2
$\begingroup$

Update This question is answered in section 3.2 of these notes.


As a probability novice, I'm struggling to completely understand the definition of a Markov chain as a sequence of random variables.

For simplicity, consider discrete-time, homogeneous Markov chains with finite state spaces $S$ which we take to be $\{1, \dots, n\}$. I understand the following definition of a Markov chain in this context:

A Markov chain is a pair $(S,P)$ where $P = (P_{ij})$ is a transition matrix.

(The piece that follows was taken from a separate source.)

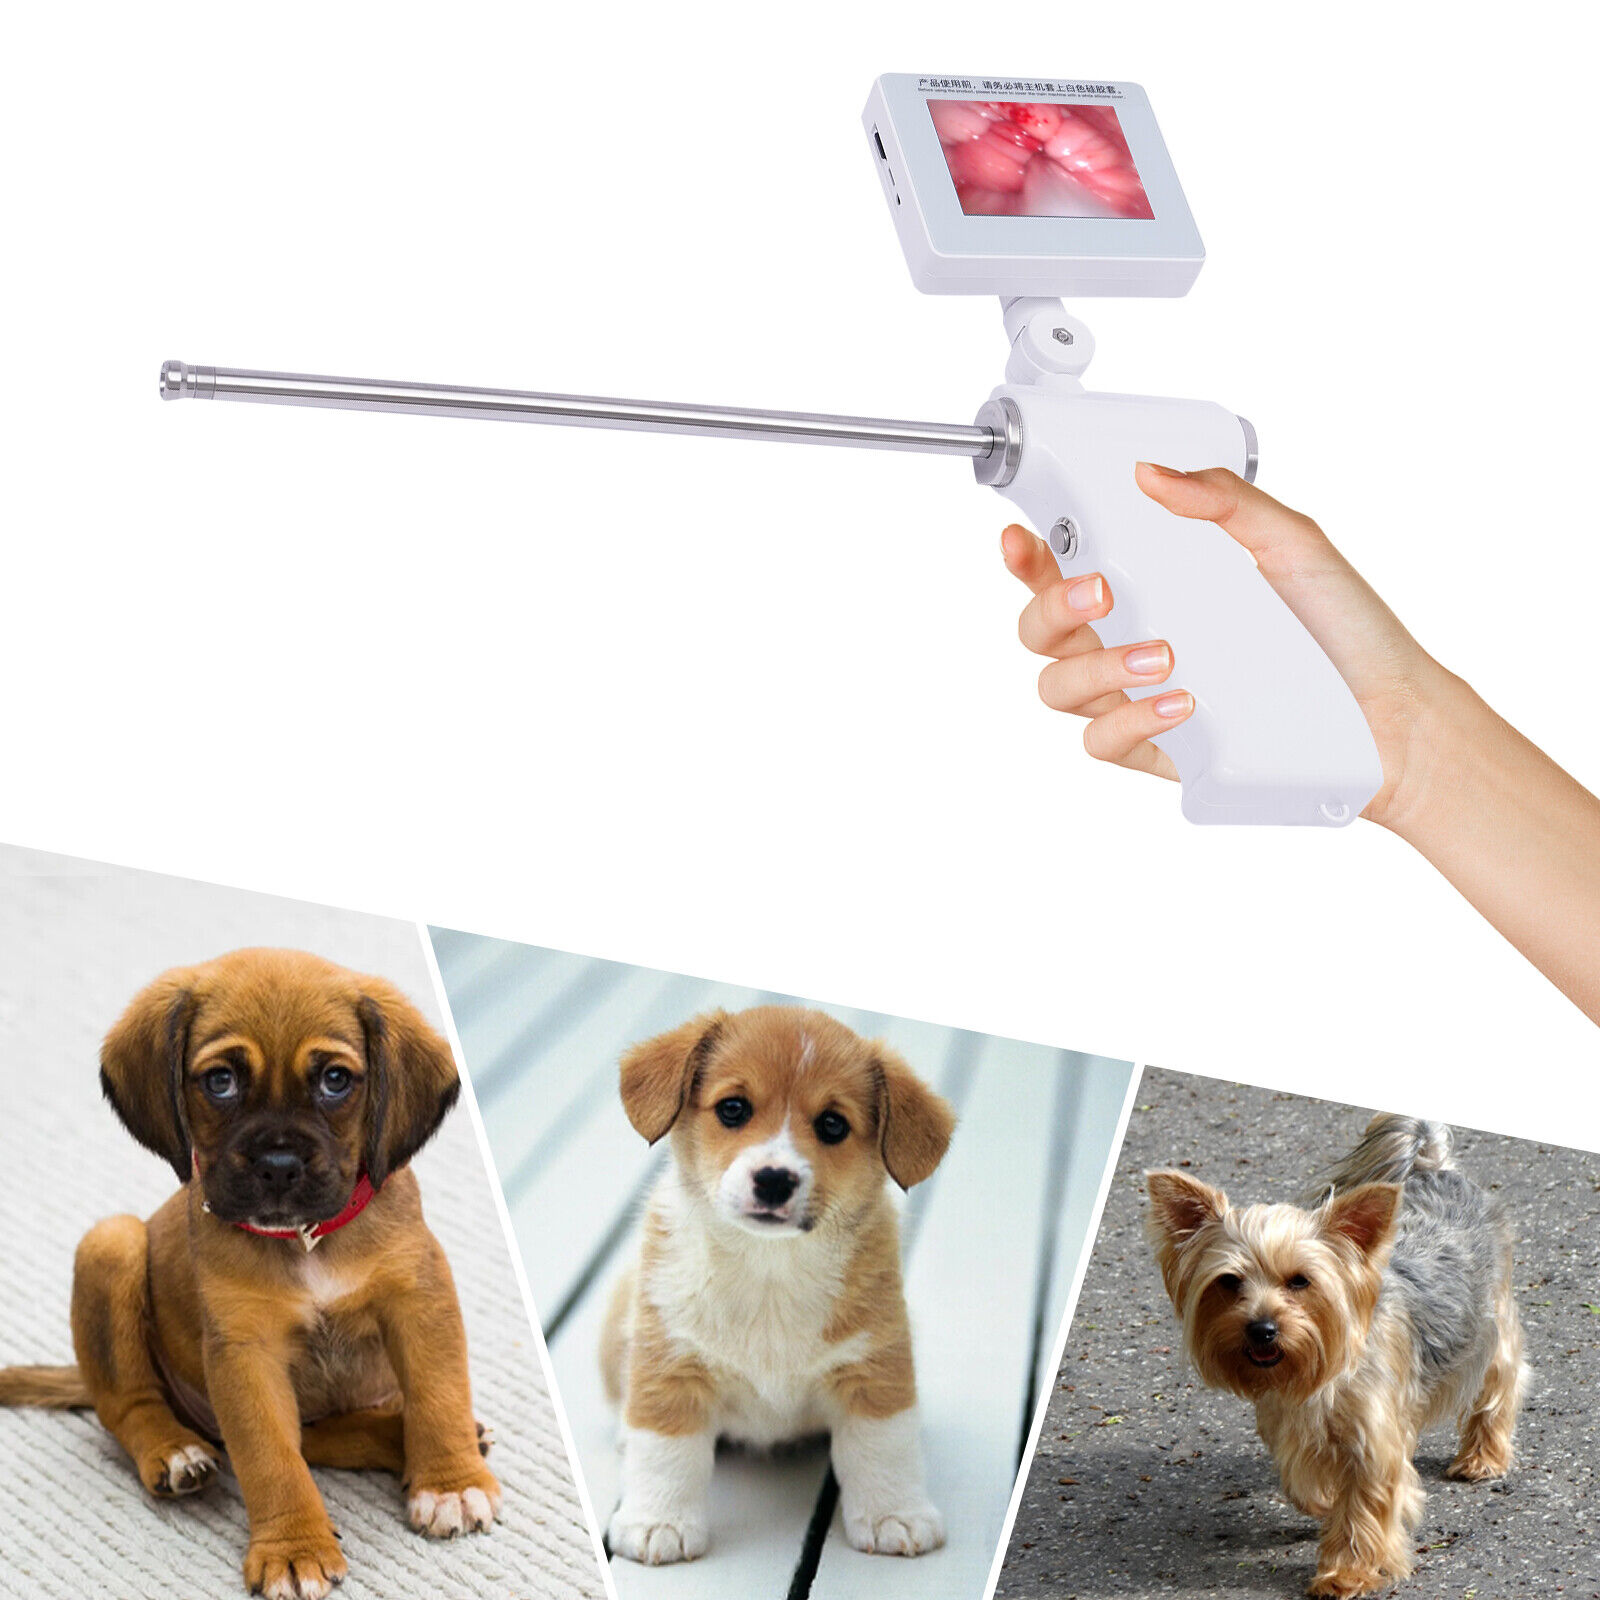 Visual Artificial Dog Insemination Gun Kit 5MP Camera + 20x Insemination Tubes Unbranded Does Not Apply - фотография #23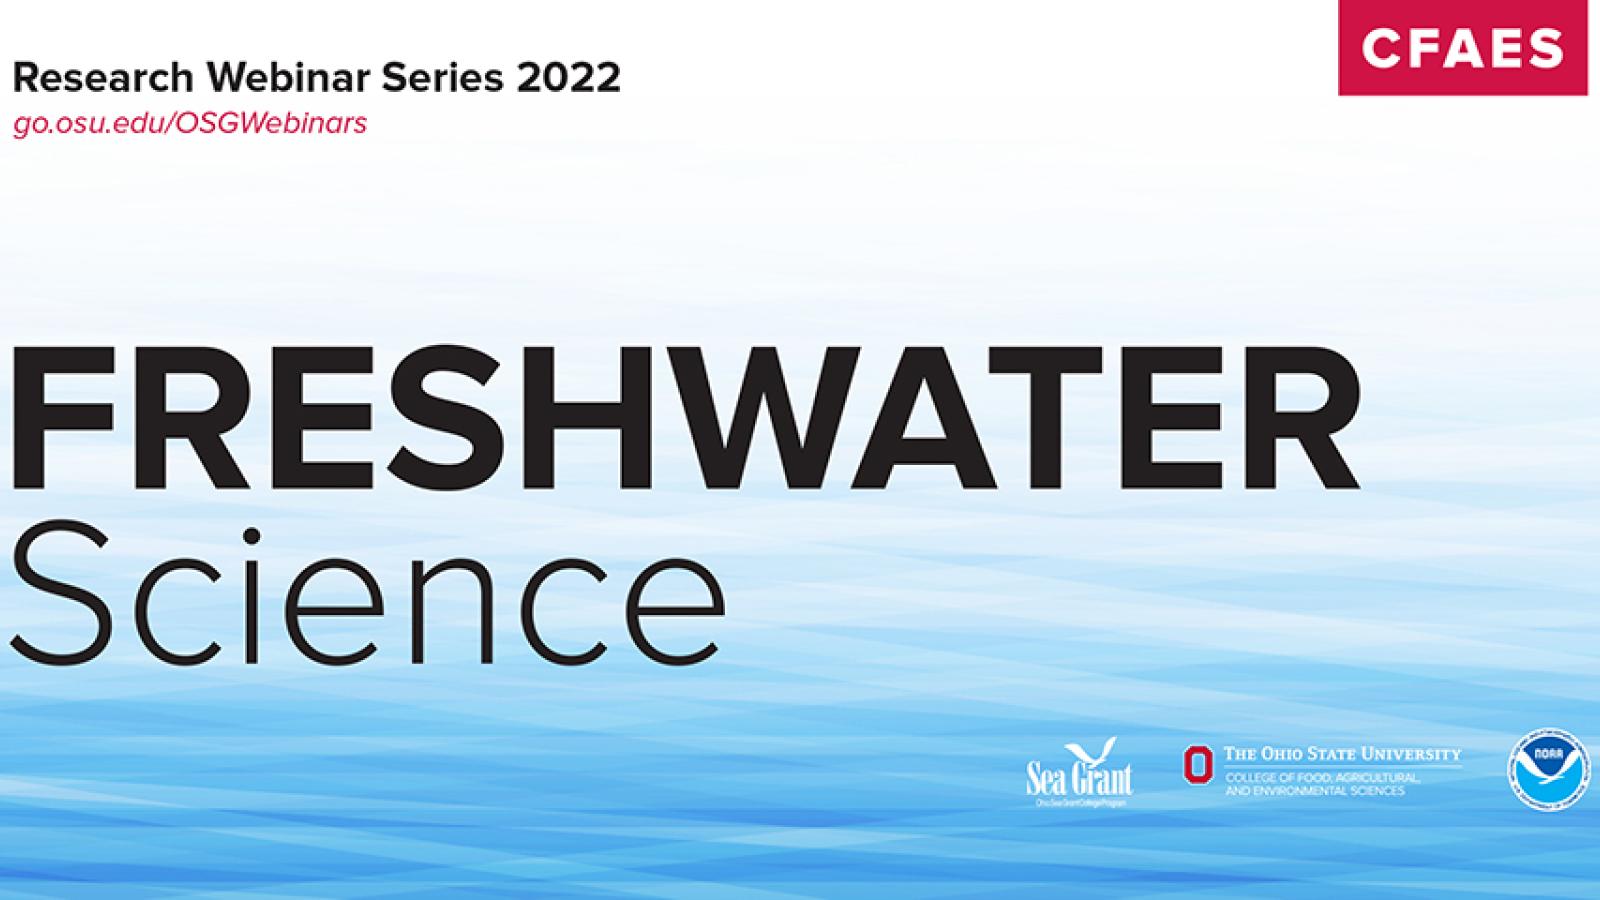 flyer includes "Freshwater Science", "research webinar series 2022", "go.osu.edu/OSGWebinars "CFAES",

Given this definition, one can generate a trajectory of the Markov chain consisting of an infinite sequence $s_0, s_1, \dots$ of elements of $S$ by initializing in a state $s_0$ and evolving forward according to the transition probabilities $(P_{ij})$.

So far so good -- this is all quite intuitive.

However, suppose instead that one considers a Markov chain as a sequence $X_0, X_1, \dots$ of random variables with values in $S$ having the Markov property -- is there a standard mapping between these definitions? In particular, since each $X_k$ is a random variable whose domain is some sample space $\Omega$;

$$ X_k:\Omega\to S, $$

and since the transition probabilities are usually described as conditional probabilities;

$$ P_{ij} = \mathbf P(X_k = i\mid X_{k-1}=j), $$

or the transpose of this depending on you conventions, presumably there is a sample space $\Omega$ and a probability measure $\mathbf P$ sitting somewhere?

One guess would be that $\Omega$ can be taken to be the set of all sequences $s_0, s_1, \dots$ of elements of $S$, the random variable $X_k$ maps any such sequence to its $k^\mathrm{th}$ element,

$$ X_k(s_0, s_1, \dots) = s_k, $$

and $\mathbf P$ is any probability measure on the set of subsets of $\Omega$ that satisfies the Markov property.

Is this description of (one direction of) the correspondence between these Markov chain definitions correct and/or standard?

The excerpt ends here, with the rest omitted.